- Born: Timothy George Hawarden 24 December 1943 Mossel Bay, Cape Province, South Africa
- Died: 10 November 2009 (aged 65) Edinburgh, Scotland
- Education: University of Natal (Bsc); University of Cape Town (MSc, PhD);
- Known for: Passive cooling of space telescopes
- Spouse: Frances Shaw ​(m. 1983)​
- Children: 2
- Awards: NASA Exceptional Technology Achievement Medal (2010)
- Scientific career
- Fields: Astrophysics
- Workplaces: Royal Observatory, Cape of Good Hope; South African Astronomical Observatory; Siding Spring Observatory; Royal Observatory, Edinburgh; Joint Astronomy Centre, Hawaii;
- Thesis: Old Southern Open Clusters (1975)
- Doctoral advisor: Brian Warner

= Tim Hawarden =

South African astrophysicist

Timothy George Hawarden (24 December 1943 – 10 November 2009) was a South African astrophysicist known for his pioneering work on passive cooling techniques for space telescopes for which he won NASA's Exceptional Technology Achievement Medal.

== Biography ==
Hawarden was born in Mossel Bay, Cape Province, South Africa. He graduated from the University of Natal in 1966 with a BSc in Physics and Applied Mathematics, and then graduated from the University of Cape Town with an MSc in Astronomy 1970 and then a PhD in 1975 on old open clusters. While undertaking his PhD he worked as an optical astronomer at the Royal Observatory, Cape of Good Hope and then from 1972 as the Deputy Head of the Photometry Department at the South African Astronomical Observatory in Cape Town. In 1975 he worked as the Deputy Astronomer-in-Charge of the UK Schmidt Telescope at the Siding Spring Observatory in New South Wales, Australia.

In 1978 he moved to work at the Royal Observatory in Edinburgh, Scotland, from which he was based for the rest of his career. In 1981 he began working on the United Kingdom Infrared Telescope in Hawaii. In 1987 he moved to Hawaii and led the telescope's ambitious upgrades programme throughout the 1990s. He returned to Edinburgh in 2001 and became the UK Astronomy Technology Centre Project Scientist developing extremely large telescopes (ELT) before retiring in 2006 to care for his wife Frances. He remained active in the field of astronomy until his sudden death in Edinburgh in 2009.

== Passive cooling of space telescopes ==
Hawarden was involved in the development of the Infrared Space Observatory as the Co-Investigator for the infrared camera (ISOCAM) but he considered the cryogenic cooling system "horrendously complicated". The dependency of infrared space telescopes on cryogenic cooling limited the telescope's lifespan as well as adding significant weight. In the early 1980s Hawarden began developing the idea of using passive cooling for infrared space telescopes through a combination of radiators, sunshields, and by locating the telescope further from Earth. Having a telescope orbit the Sun–Earth L_{2} Lagrange point enables the sunshield to shelter the telescope from the radiant heat of the Sun, the Earth, and the Moon. A passively cooled telescope is significantly lighter and permits much larger optics and instruments.

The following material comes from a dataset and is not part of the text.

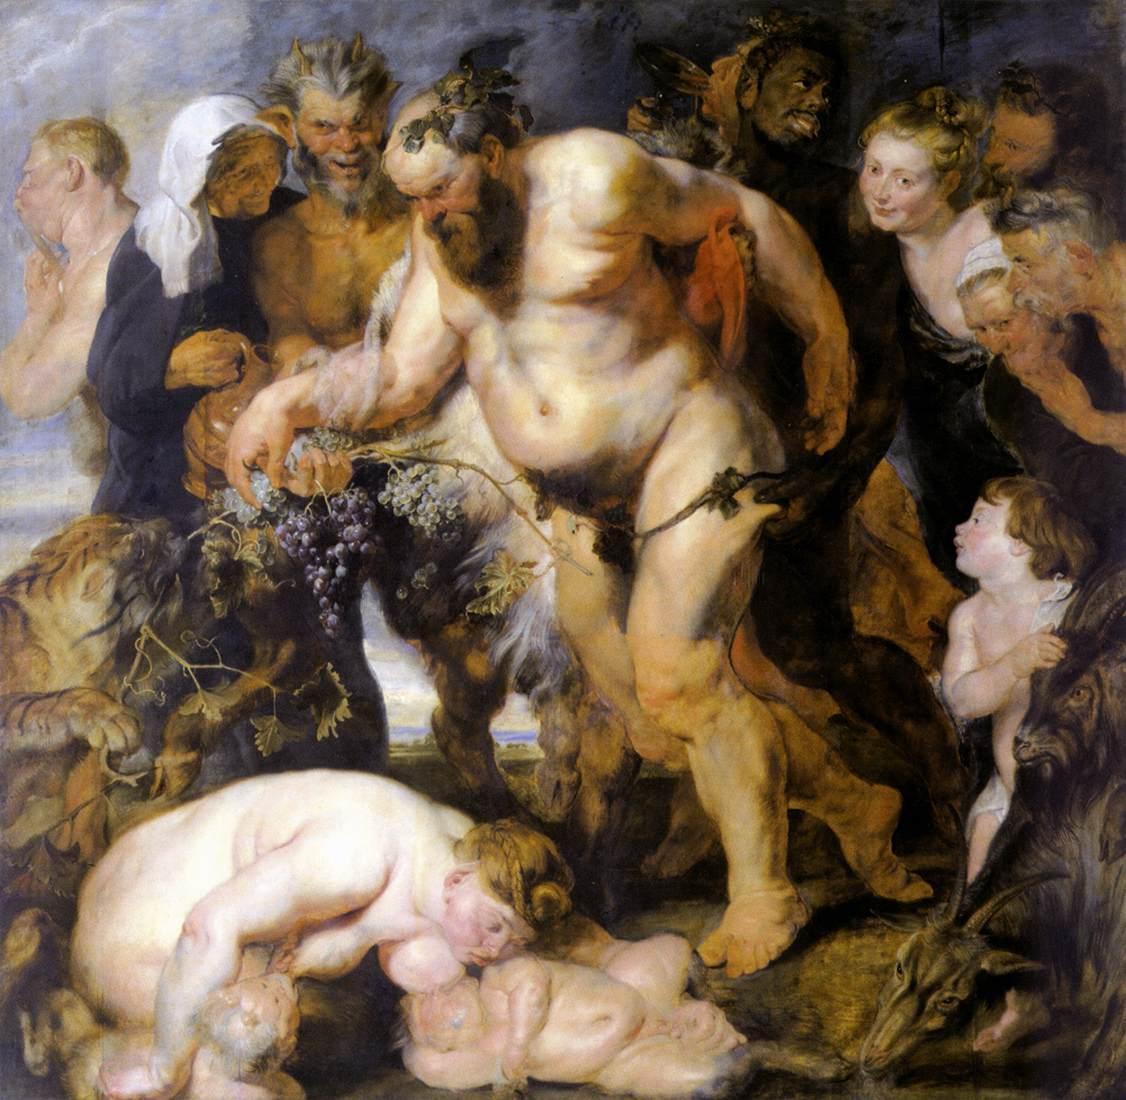 02 Silène ivre, Peter Paul Rubens, 1616 Munich Alta Pinacothek
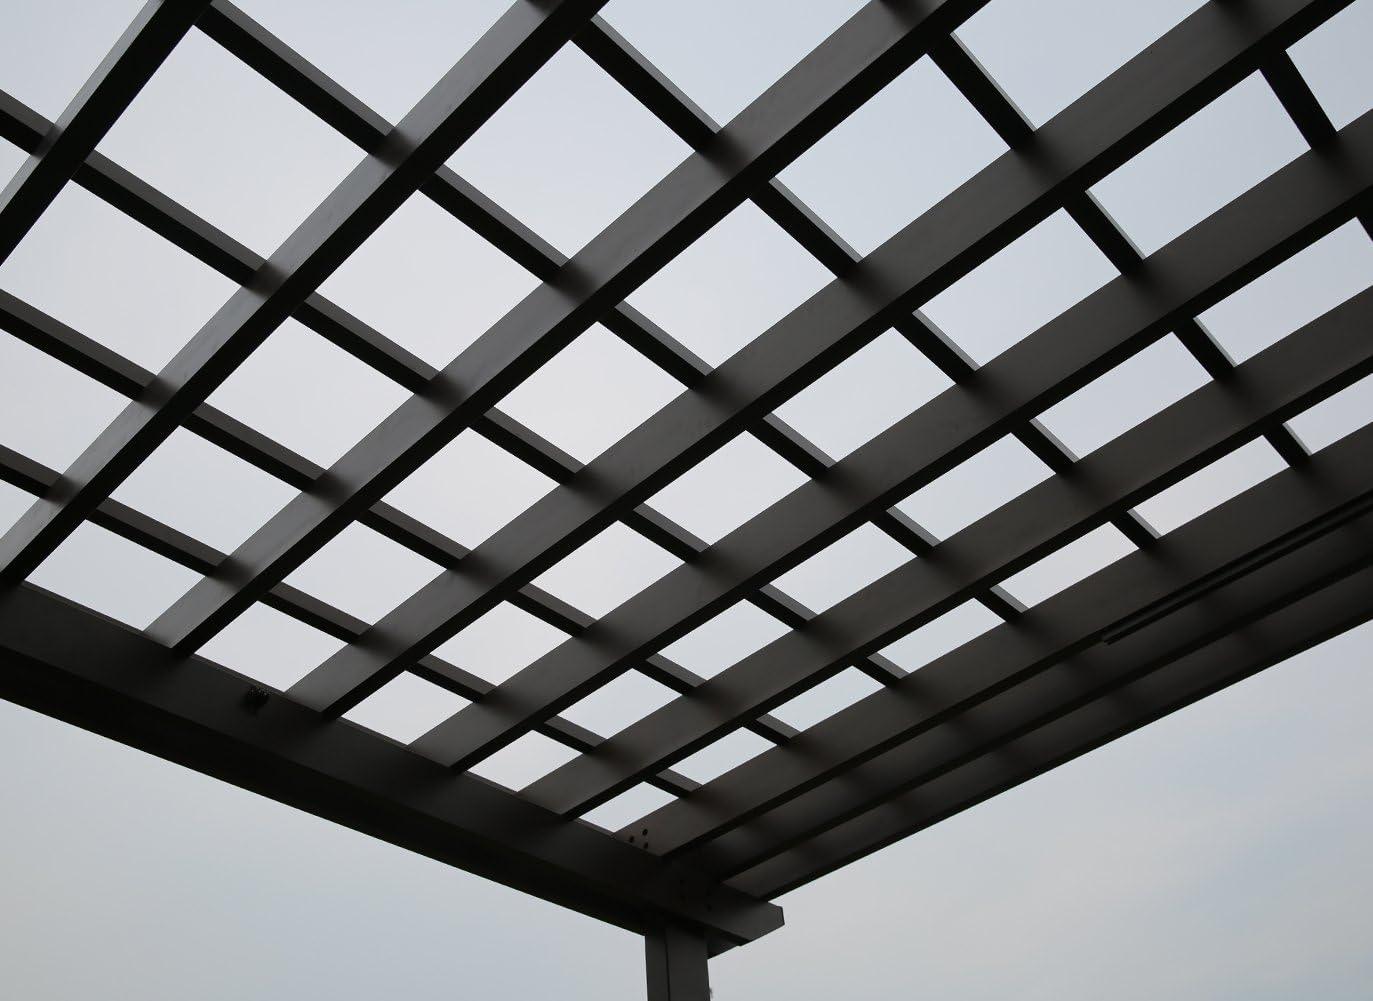 sorara Pergola Marco de aluminio al aire libre Patio Jardín Sol ...

In 1989 Hawarden proposed such a telescope, the Passively Cooled Orbiting Infrared Observatory Telescope (POIROT) to the European Space Agency but the design was rejected. In 1991 Hawarden and Harley Thronson proposed a similar design to NASA for the Edison project but the proposal was also rejected. The ideas continued to face resistance though some passive cooling was incorporated into the design of the 0.85 m diameter Spitzer Space Telescope launched in 2003. The ideas were later adopted in full for the 6.5 m diameter James Webb Space Telescope launched in 2021.

In 2010 Hawarden was posthumously awarded the NASA Exceptional Technology Achievement Medal for his work on passive cooling techniques, the award citing "the breakthrough concepts that made possible the James Webb Space Telescope and its successors". The award was accepted on behalf of Hawarden's widow Frances by the Nobel-laureate physicist John C. Mather.